Irish people are known for being self-deprecating and Brennan thinks this is a trait we need to suppress in order to support our emotional wellbeing.

“When someone has good self-esteem it can almost be seen as boasting or something that’s negative. People tend to push that down because they’re afraid of what people are going to say if they are too ‘cocky’. It’s not at all about being cocky but unfortunately, I’ve seen the flip-side. Lovely, gorgeous people are so hard on themselves and it’s heartbreaking how people speak to themselves. I’ve gotten a real insight into that just through the nature of my work.” 

The Self-Love Habit provides the guidance Brennan yearned for as a younger woman and offers a visual and auditory approach.

“I’m a clinical hypnotherapist so hypnotherapy is a huge aspect of everything I do, whether it’s working with clients, my online course, and my books. Everything that is in the book is reinforced and concreted into the subconscious mind through the audio.”

Above all, Brennan says the time we spend now building a self-love habit will stand to us when we can meet others once more and share our love with them.

“We’re going to be so grateful for what we took for granted, just meeting friends in a restaurant and being able to hug them. That’s pretty significant now,”  she says. 

Fiona’s top five self-love tips

Listen to audio daily

A practical thing for people to do is listen to hypnotherapy or guided meditation on a daily basis to reinforce that mental training.

Be a good friend to yourself 

Be a friend to yourself and when you catch yourself saying something negative to yourself, ask yourself that question: would I say this to a friend? If the answer is no, which inevitably it will be, then don’t say it to yourself.
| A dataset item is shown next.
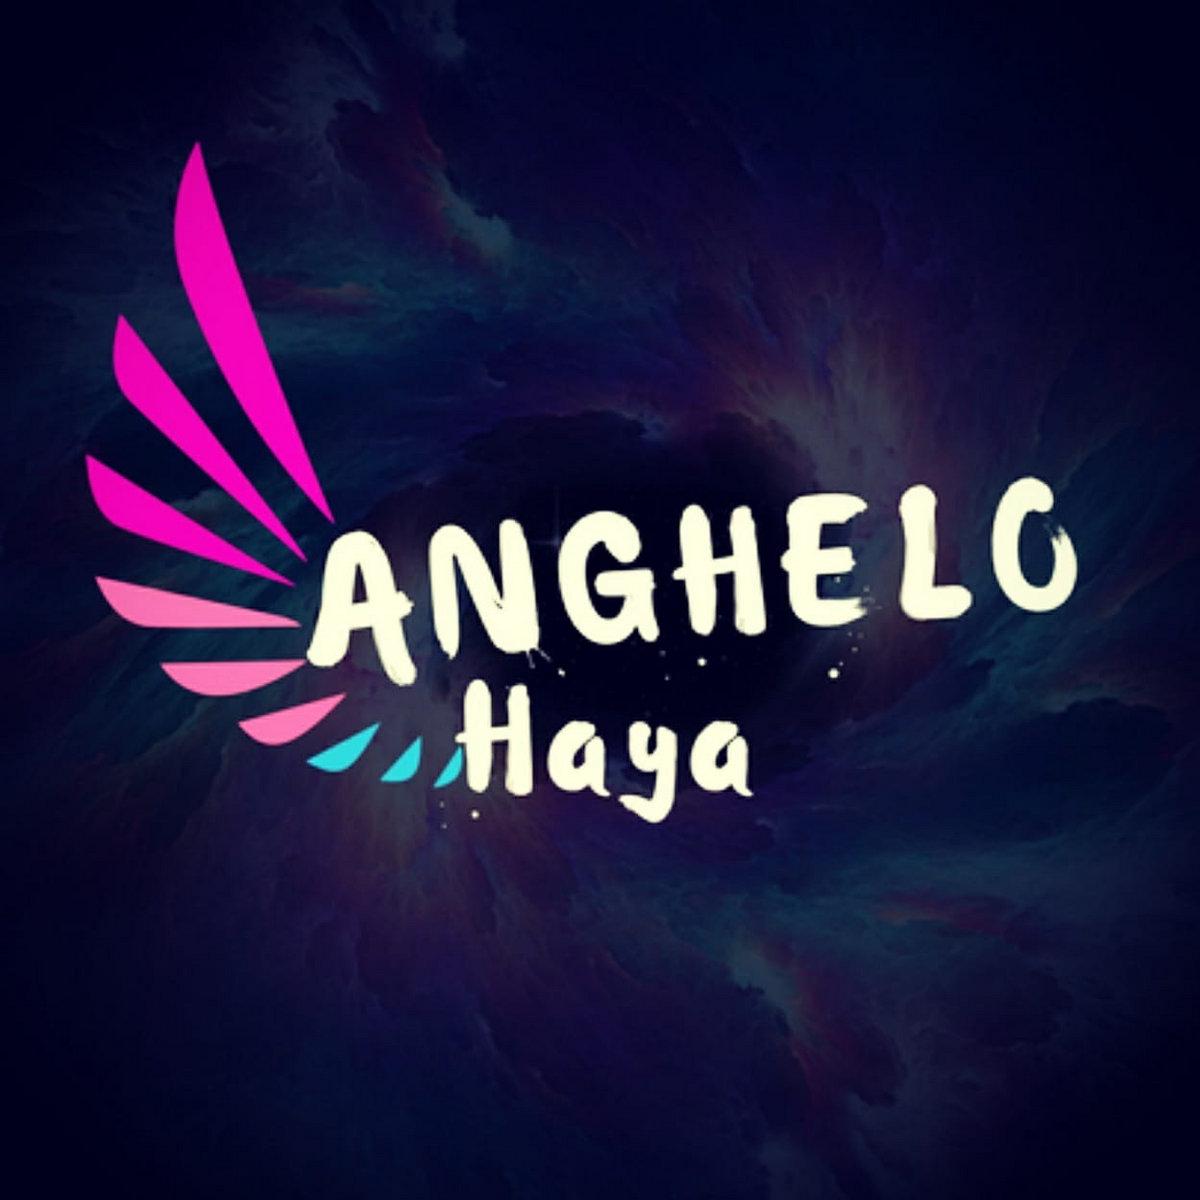 Anghelo Haya

The daily promise technique 

This is at the heart of the book and the work that I do, especially when dealing with anxiety, stress, and fear, which there is a lot of at the moment. The daily promise technique is where you are open to accepting all the parts of yourself. For example, you’d say: ‘I’m open to accepting all parts of myself today to the best of my ability.’ It’s important that it’s to the best of your ability, you’re giving yourself room to not be a perfectionist about it. When we feel stress or anxiety or any negative emotion, we accept it within ourselves so we’re not judging it. That is huge. It isn’t simple but it’s really important.

The two-minute mirror exercise 

Spend two minutes and look at yourself. Make really good eye contact so you’re connecting to yourself. What you want to do is look beyond the physical. You’re looking beyond all the things we generally look at and you’re simply maintaining eye contact with yourself. This is a profound way to get to know yourself better and to become more at ease and comfortable with yourself. It’s amazingly powerful. When you do this with yourself is has the ability to make you more at ease with others.

Have five hugs a day 

Have five hugs a day and hold the hug for 15 seconds. The physical touch of hugging is hugely important for feeling safe and to release oxytocin, which is an important neurochemical that helps us feel love and safety. Make a mental habit and incorporate hugs into your behaviour with your loved ones. If it’s only one person, or a dog, if you have nobody but yourself, hug!